Looking to install this. http://www.waterheating.com/pdf/Amer...ter-Heater.pdf The current setup is rigid supply lines and no earthquake straps. 

How would I install earthquake straps on this water heater?


----------



## Gargalaxy (Aug 14, 2013)

Can't open it.


----------



## gear junkie (Jun 20, 2008)

http://www.waterheating.com/pdf/Ame...Ox-Heavy-Duty-Commercial-Gas-Water-Heater.pdf

it's an american standard ULN100-199


----------



## sierra2000 (Sep 19, 2011)

Good question.
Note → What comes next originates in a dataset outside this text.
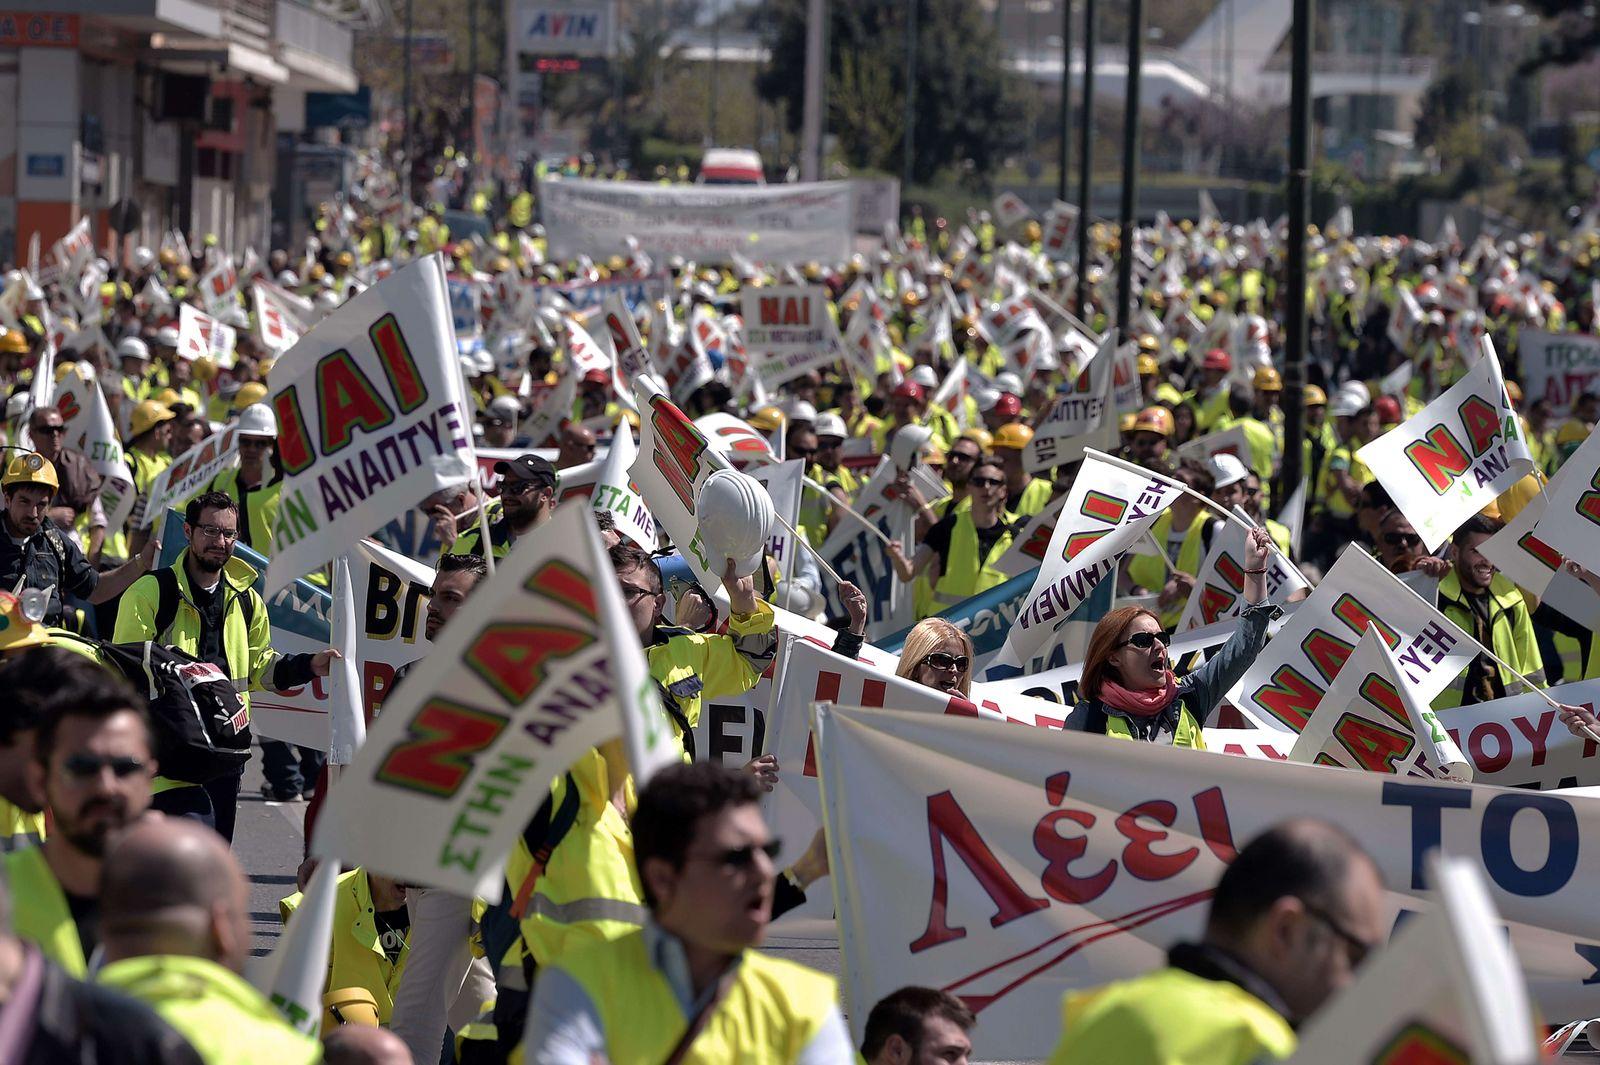 GREECE-POLITICS-ECONOMY-MINES-DEMO Griechenland Goldmine Demo Arbeiter

Unscrew the metal strip, put the strap under the wire and screw it back on?


----------



## tims007 (Aug 31, 2013)

very carefully  or you could make a spacer before and after the tube using metal or wood or what ever could be used for the areas aplication


----------



## GAN (Jul 10, 2012)

Quake straps...
http://www.quakehold.com/tiedown-fa...downs-fastening-straps-waterheaterstraps.html

or FEMA http://www.fema.gov/media-library-data/20130726-1455-20490-6434/fema412.pdf


----------



## Plumbus (Aug 4, 2008)

sierra2000 said:


> Good question. Unscrew the metal strip, put the strap under the wire and screw it back on?


Done and done.


----------